Directory Structure¶

Previously, in the "Getting Started" section, we showed than a valid DBgen pipeline can be written in 9 lines of code; however, in most real cases, a significantly more complex data pipeline is required.

Let's start by walking through the directory structure of a typical DBgen project.

You can follow along with this tutorial by copying some boiler plate code by running the command:

$ dbgen new --template alice-bob-lab
<span style='color: green;'>Downloading template from https://github.com/modelyst/dbgen-model-template....</span>

This will prompt you to download the relevant files to a local directory with the directory structure shown below. The last prompt asks whether you want to download the finished tutorial or only the skeleton of it so that you can complete it yourself.

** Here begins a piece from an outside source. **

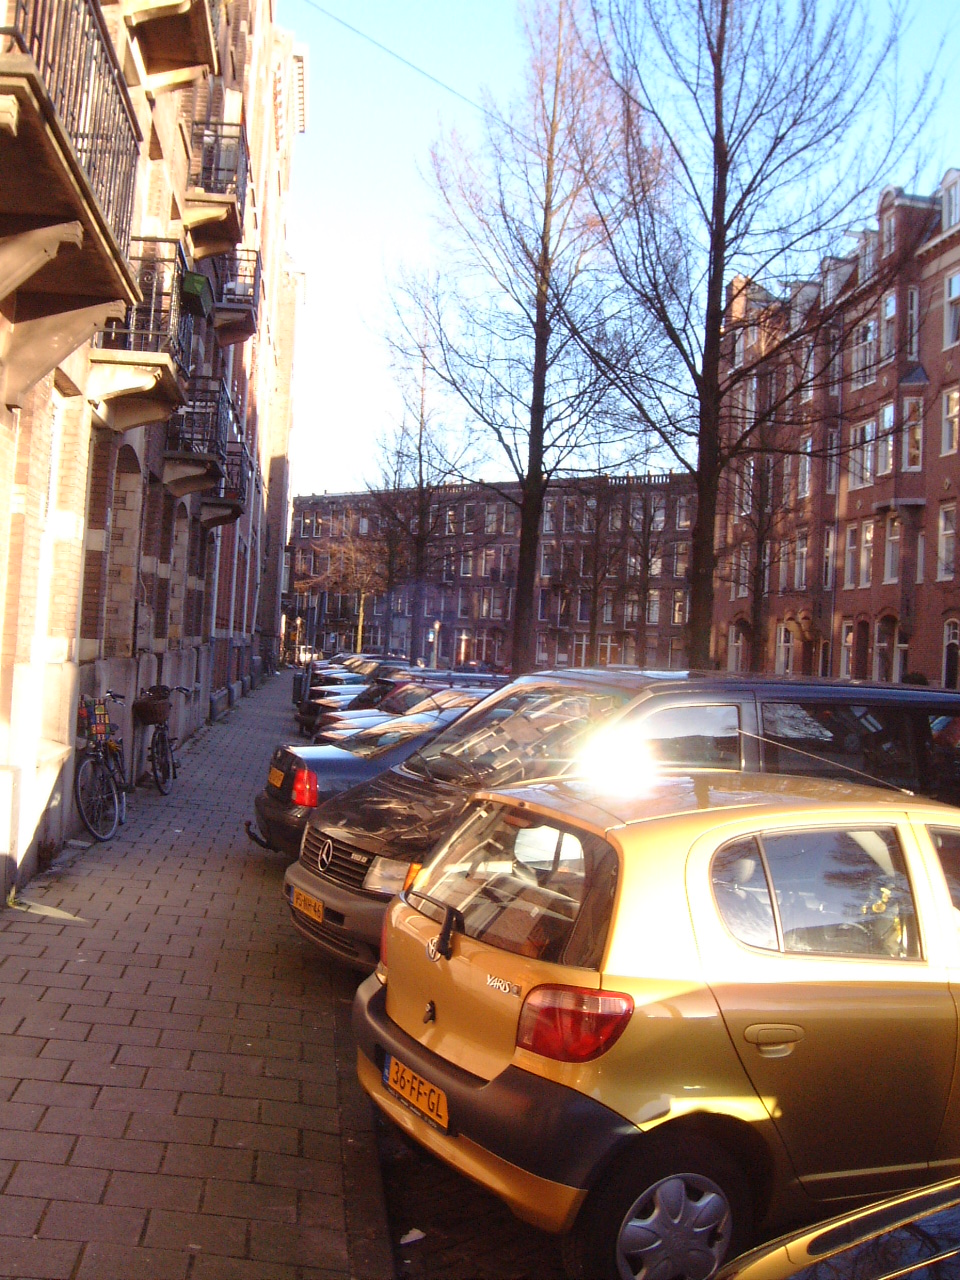 maartent street city parked cars gloss shiny houses sidewalk walkway pavement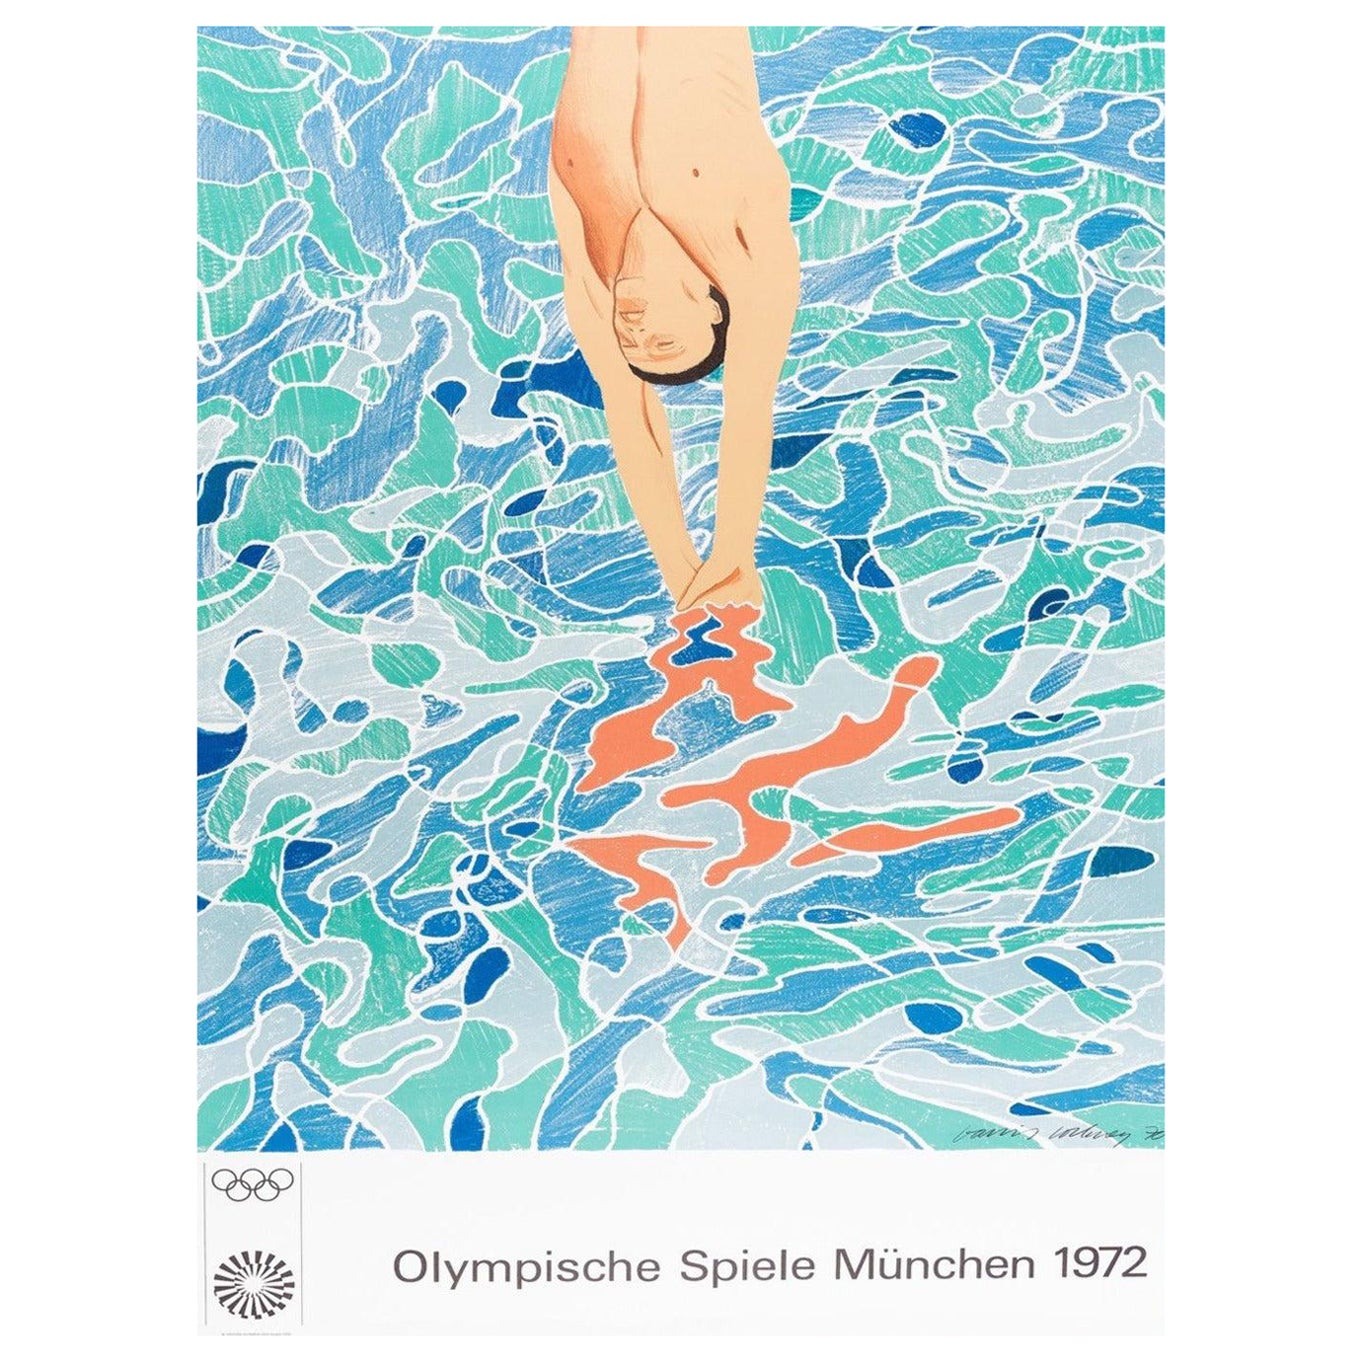 1972 Munich Olympic Games - David Hockney Original Vintage Poster

You can find all the model templates at the DBgen Repo.

├── data
├── alice_bob_model
    ├── extracts
    │   ├── __init__.py
    │   ├── extract_1.py
    ├── etl_steps
    │   ├── __init__.py
    │   ├── etl_step_1.py
    │   ├── etl_step_2.py
    ├── transforms
    │   ├── __init__.py
    │   ├── transform_1.py
    ├── __init__.py
    ├── constants.py
    ├── main.py
    ├── schema.py

main.py¶

The overall goal of this entire repository is to create a DBgen model, which specifies the procedure to build the empty database and also to populate it with data. In main.py, there is a function that returns this DBgen model that the rest of the repository defines. This is a boiler-plate function, and a user does not need to ever change anything in this file.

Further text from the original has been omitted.